SAP Shares Collapse After Lockdowns Force Cuts to Revenue
SAP SE shares dropped as much as 21%, the biggest intraday fall since 1999, after the software company cut its revenue forecast for the full year and said it expects a fresh wave of lockdowns to hurt demand through the first half of 2021.
In a test for Christian Klein, who became sole chief executive officer in April, the pandemic will delay SAP’s goals for cloud revenue, overall sales and operating profit by one or two years, especially in hard-hit industries such as business travel, the Walldorf, Germany-based company said in a statement on Sunday. The drop in shares on Monday wiped 28 billion euros ($33.1 billion) off SAP’s market value.

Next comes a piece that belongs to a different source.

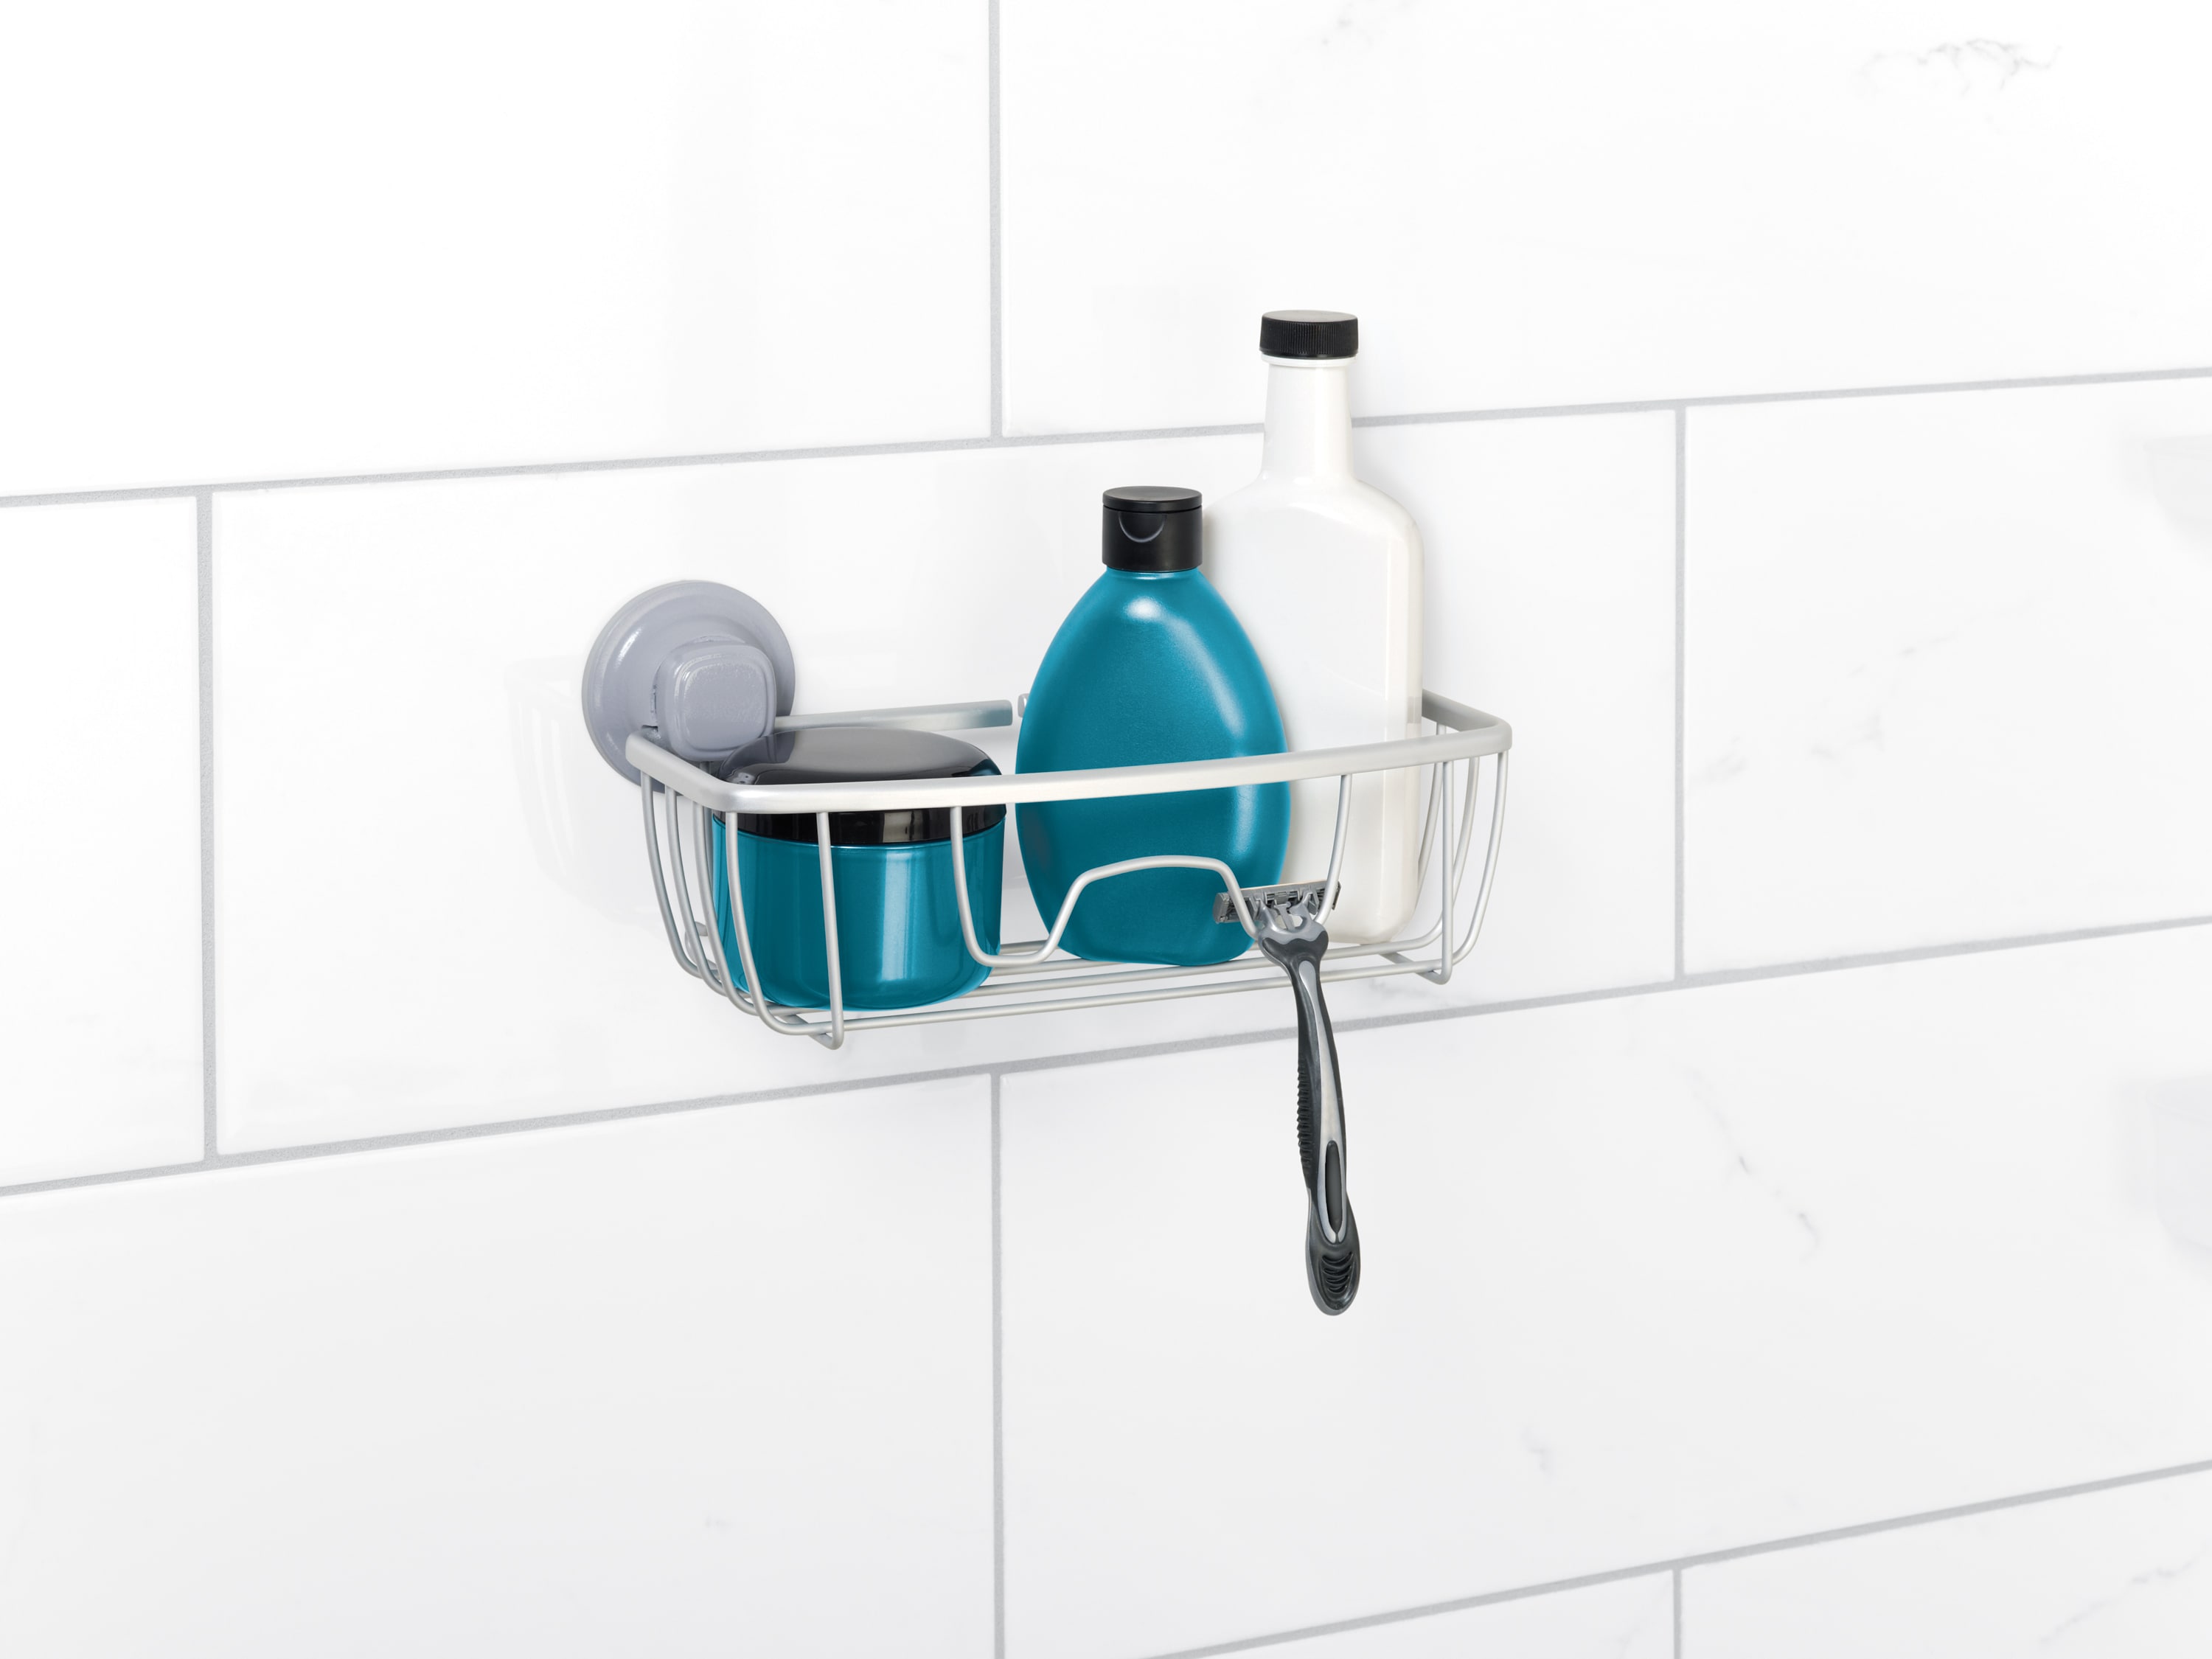 Style Selections Satin Chrome Aluminum 1-Shelf Hanging Shower Caddy 5.63-in  x 5.36-in x 2.5-in in the Bathtub & Shower Caddies department at

The drop-off in SAP’s cloud revenue is a sign that companies are putting off making major decisions about updating their software, as the pandemic continues to limit any global economic recovery.
SAP said it expects limited growth and margin improvement over the next two years, and moved expectations to meet its 2023 strategy plan out to 2025. Klein said on a call Monday he expects a conservative recovery into the first half of next year.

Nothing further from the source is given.